NPA Loiret

Mel de Contact : npa.orleans@orange.fr

L’après Covid-19 se prépare…sans rien changer à l’exemple du Loir et Cher !

Alors que tous les « acteurs » depuis les grandes « sommités » de la santé jusqu’aux politiques incluant le Chef de l’Etat annonçaient que rien ne serait « comme avant » au sortir de l’épidémie l’exemple du Loir et Cher montre clairement que toutes les « autorités » veulent continuer comme avant ! Merci aux personnelLEs qui se sont dévouéEs mais maintenant il s’agit de revenir à la réalité ! Les réflexions et revendications des unEs et des autres sur les moyens à revoir (Unités de soins, affectations au plus prés des territoires comme les maternités et les urgences, réouvertures de salles, de lits, dotations en matériels, masques, tests, blouses lavables et non jetables et surtout augmentation des effectifs et des salaires du médecin à l’ASH) et la liste est longue mais tout est oublié ! Ah oui l’avis d’un tas de structures sera entendu…voir écouté !

Un pet de lapin pour chasser le prochain virus !  NPA LOIRET

« Alors que le déconfinement est annoncé pour le 11 mai prochain, la préfecture de Loir-et-Cher et le Centre hospitalier de Blois organisaient le 29 avril dernier un point d’étape sur la gestion de la crise sanitaire. Une réorganisation est en cours au sein des établissements de soin.  

Y aura-t-il une 2e crise issue du déconfinement alors même que les hôpitaux vont modifier leur organisation pour gérer les patients ordinaires ? C’est l’interrogation d’Yves Rousset, préfet de Loir-et-Cher lors de cette conférence de presse en présence du maire de Blois, Marc Gricourt, d’Eric Van Wassenhove, délégué départemental de l’Agence Régionale de Santé du Centre-Val de Loire, des directeurs des hôpitaux de Blois, Romorantin, Vendôme, de la Polyclinique de Blois et de la clinique vendômoise du Saint-Cœur (ELSAN).

Rappelons qu’au 29 avril, le Loir-et-Cher comptait 43 personnes décédées au total dont 12 au sein de l’hôpital et 31 résidents décédés en établissement médico-social.
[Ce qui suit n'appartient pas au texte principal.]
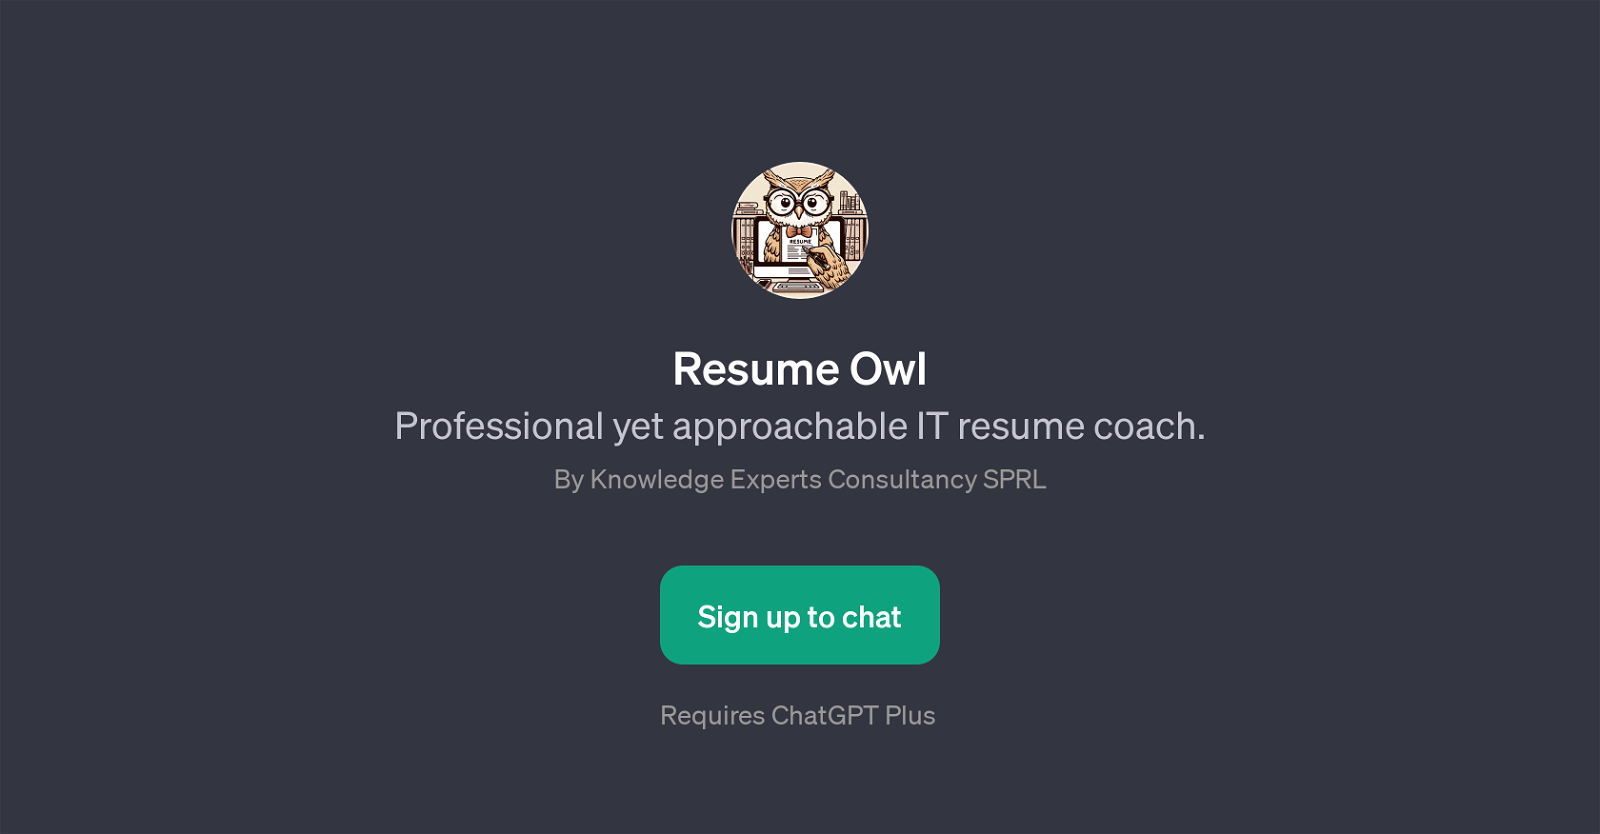 Resume Owl website

Consolation, le département connait le taux de mortalité le plus bas de la région.

« Nous avons inversé la tendance aux urgences avec désormais 2/3 des patients non COVID-19. Si le virus a redonné du sens au travail des soignants, il faut désormais revoir nos organisations pour prendre en charge les personnes souffrants de pathologies chroniques ou en décompensation », a ainsi expliqué le Dr Luc Dalmasso, président de la Commission Médicale d’Etablissement du Centre hospitalier de Blois (CHB).

Ce challenge du « désarmement des lits COVID » et du basculement vers les hospitalisations traditionnelles, l’hôpital compte le relever progressivement en s’appuyant sur ses partenaires avec qui il gère la crise en collaboration : Groupement hospitalier de territoire Santé 41, cliniques privées, Ehpad, ordre des médecins et médecins de villes, Communauté professionnelle territoriale de santé La Salamandre (CPTS) … « Les réajustements se feront en fonction des besoins », a déclaré Olivier Servaire-Lorenzet, directeur du CHB.

Au total, 170 lits de médecine (dont 100 à Blois) avaient été identifiés pour accueillir potentiellement les patients COVID-19 sur le GHT Santé 41 (ensemble des 6 établissements hospitaliers). Actuellement occupés à 50%, ces lits seront donc redéployés. En réanimation, ce sont 18 lits qui avaient été mobilisés au CHB. 6 restent dédiés.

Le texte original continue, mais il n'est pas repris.